This month I thought I would be researching and preparing for my various talks on Expressive Life Writing and Trauma Recovery at venues in Cyprus, Finland and France.
Instead I am in the midst of researching and developing (alongside my research partner Dr Siobhan Campbell of the Open University) a participatory research project designed to use digitised forms of Expressive Life Writing specifically adapted for the use of front line health care workers across the world, helping to support their well-being in the face of the COVID-19 epidemic. The project has generously been sponsored by Viaro Investments Ltd and will be completed within six months or sooner.
https://www.viaroinvestment.com/about
Campbell and I are currently gathering information on the forms of support already available to these workers, and understanding the findings of some very recent studies of the effectiveness of such interventions on Front line health care workers in China. Next we will draw upon this information and our past expertise with Expressive Writing training to create bespoke Expressive Writing materials for supporting the wellbeing of those workers.
These materials, all of which will be made freely available to those workers in English, Italian and Arabic, will include: The Expressive Writing for Front Line Health Care Workers Handbook and accompanying Expressive Writing Film; The Expressive Writing for Front Line Health Care Workers Exercises; and The Expressive Writing for Front Line Health Care Workers website, which will contain FAQs; further exercises and a space for Front Line Health Care Workers to share their own stories in confidence. At the same time, the proposed research project will also develop and test the efficacy of an innovative multilingual, freely accessible digital model for the successful dissemination of Expressive Writing training and exercises, gathering feedback via online surveys.
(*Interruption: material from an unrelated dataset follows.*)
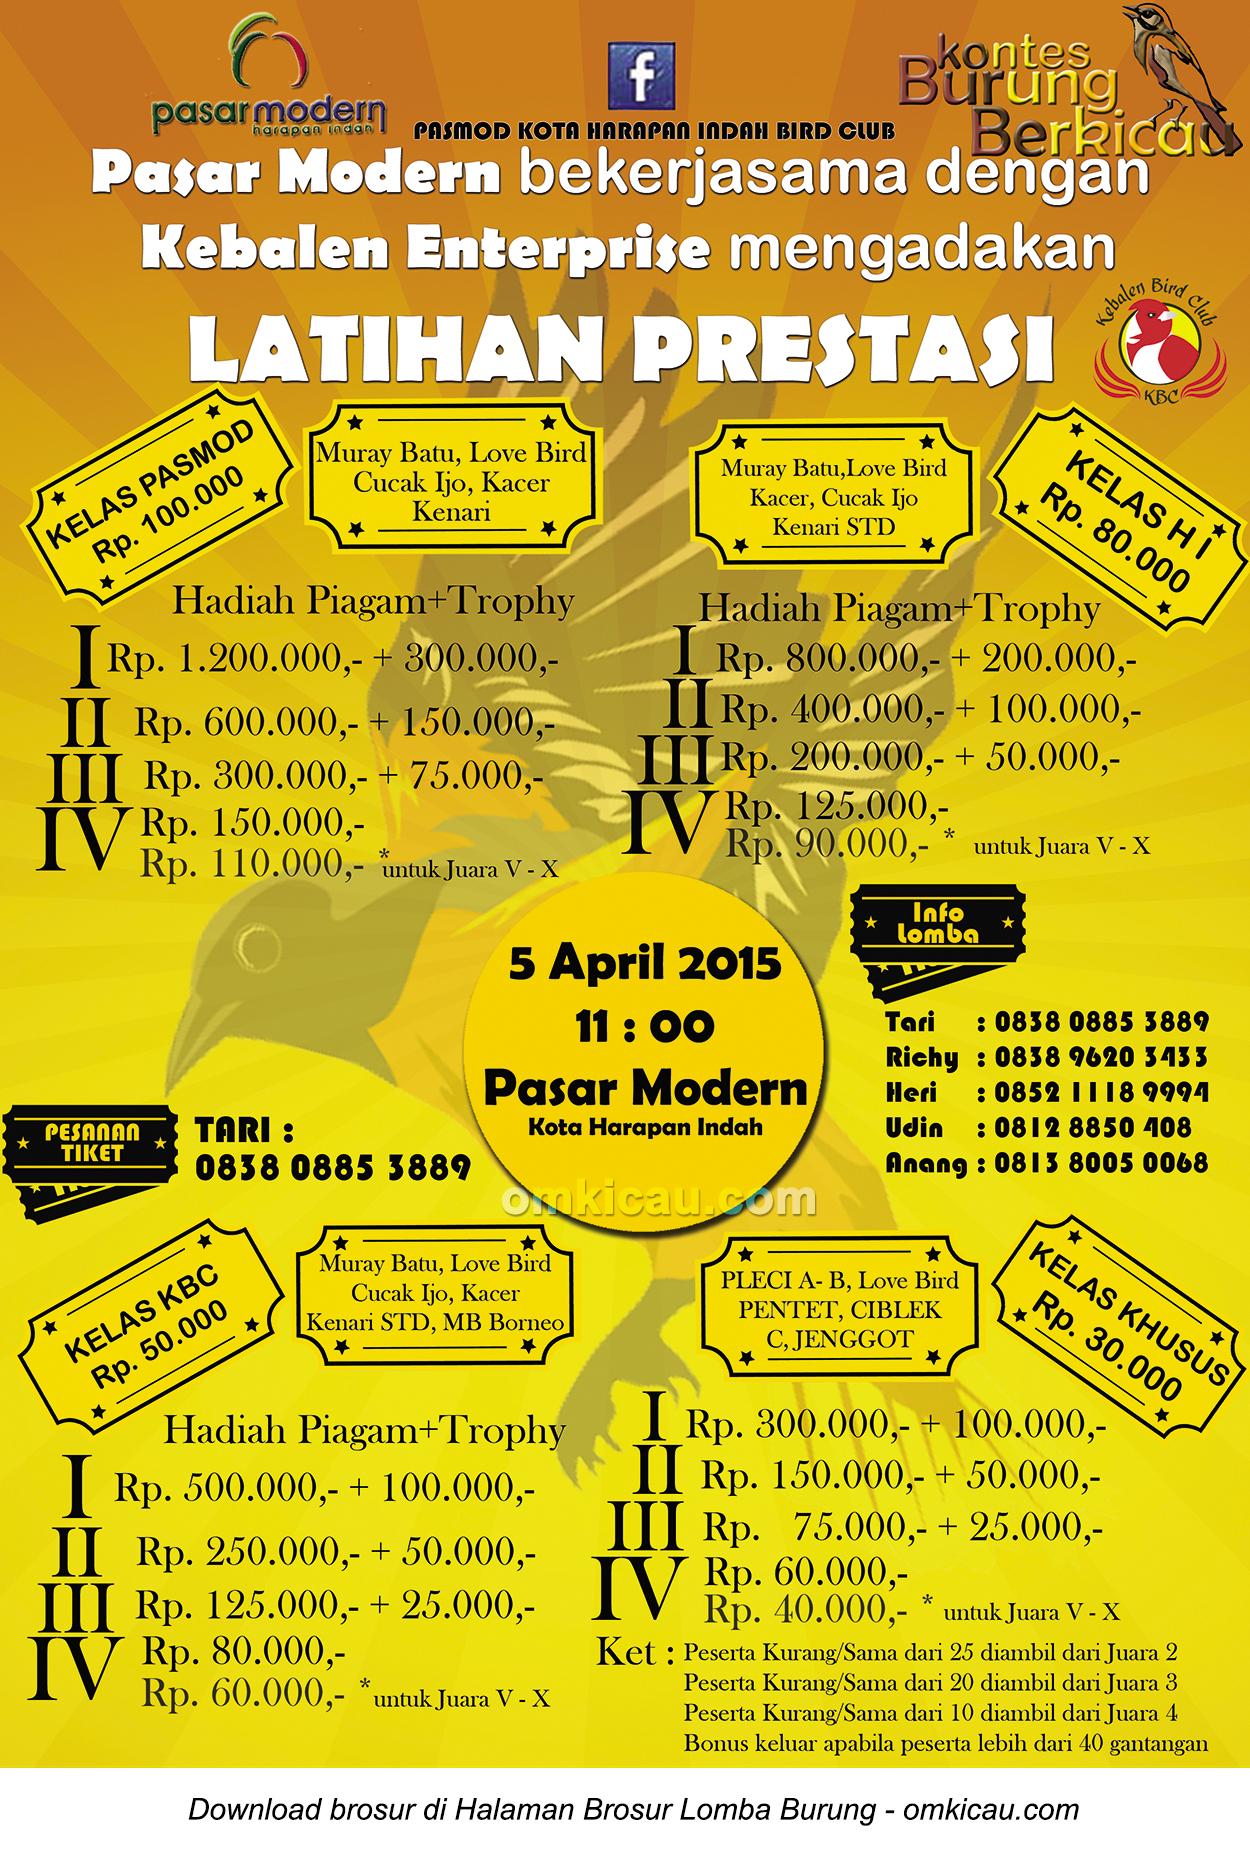 Brosur Latpres Pasar Modern Kota Harapan Indah, Bekasi, 5 April 2015
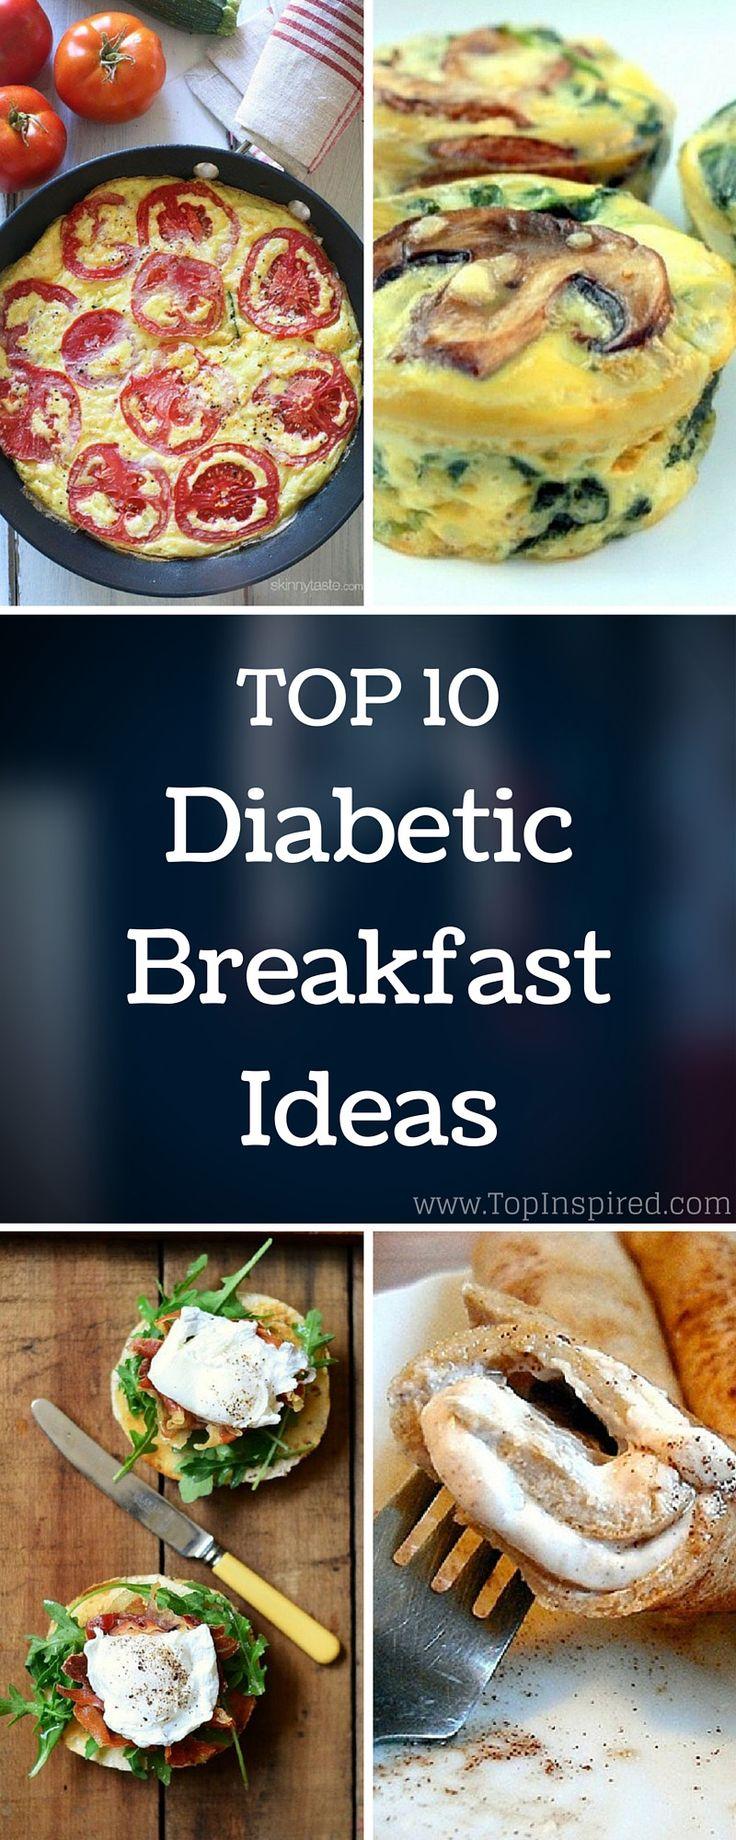 Best Diabetic Breakfast Ideas #Diabetic

A secondary project, currently in development will seek to create a user friendly app with shorter exercises and mediations targeted specifically at front line health care workers across the world.
What is Expressive Writing?
For those of you unfamiliar with my previous work in this area and with Expressive Writing, Expressive Writing is a form of imaginative writing that places emotional expression at the centre of supporting well-being and post-trauma recovery. Through previous Expressive Writing projects collaboratively developed with local and international stakeholders in the UK, Iraq and Lebanon since 2015, including the United Nations Development Program, the researchers Jensen and Campbell have trained palliative care staff, human rights advocates and social workers in the use of EW and overseen the deployment of their Expressive Writing methodology to support health and social care workers and the vulnerable populations with whom they work. https://www.kingston.ac.uk/research/research-showcase/research-case-studies/expressive-writing-workshops-in-iraq/
As Director of Kingston’s Life Narrative Research Group (since 2007), I have spent over a decade collaborating with inspirational colleagues from across the world who work at the interface of life writing, narratives of traumatic experience, and the advancement of human rights.https://www.kingston.ac.uk/faculties/kingston-school-of-art/research-and-innovation/life-narratives/
My recent monograph The Art and Science of Trauma and The Autobiographical: Negotiated Truths, draws on the latest research on the clinical, behavioural, evolutionary psychologies and the neuroscience of trauma in order to categorise and elucidate the complex relations between life stories and traumatic disorders. Art and Science of Trauma and the Autobiographical
Siobhan Campbell’s research explores ways in which narrative, expressive writing and creative writing interventions address and interact with forms of activism and participation in post conflict environments while her creative practice enables the provision of workshop approaches and story gathering protocols for use in contested or recovering environments.Campbell
In 2015, we began to develop and adapt the Expressive Writing methodology, first developed by Professor James Pennebaker in the 1980s, for use in the rights-building context. https://journals.sagepub.com/doi/10.1177/1745691617707315
Expressive writing has been shown to support well-being and recovery for people during and after facing very difficult life experiences such as combat, sexual violence, and the death of loved ones. Siobhan and I have overseen several research projects that have trained social workers in conflict and post conflict regions, refugee camps and palliative care settings, teaching them how to use Expressive Writing to support some of the most vulnerable people in the world. Our current aim is to adapt this same material to support Front Line Health Care Workers in the current crisis, and to test the effectiveness of online access to Expressive Writing Material specifically aimed at those workers and freely available to them in three languages (English, Italian and Arabic).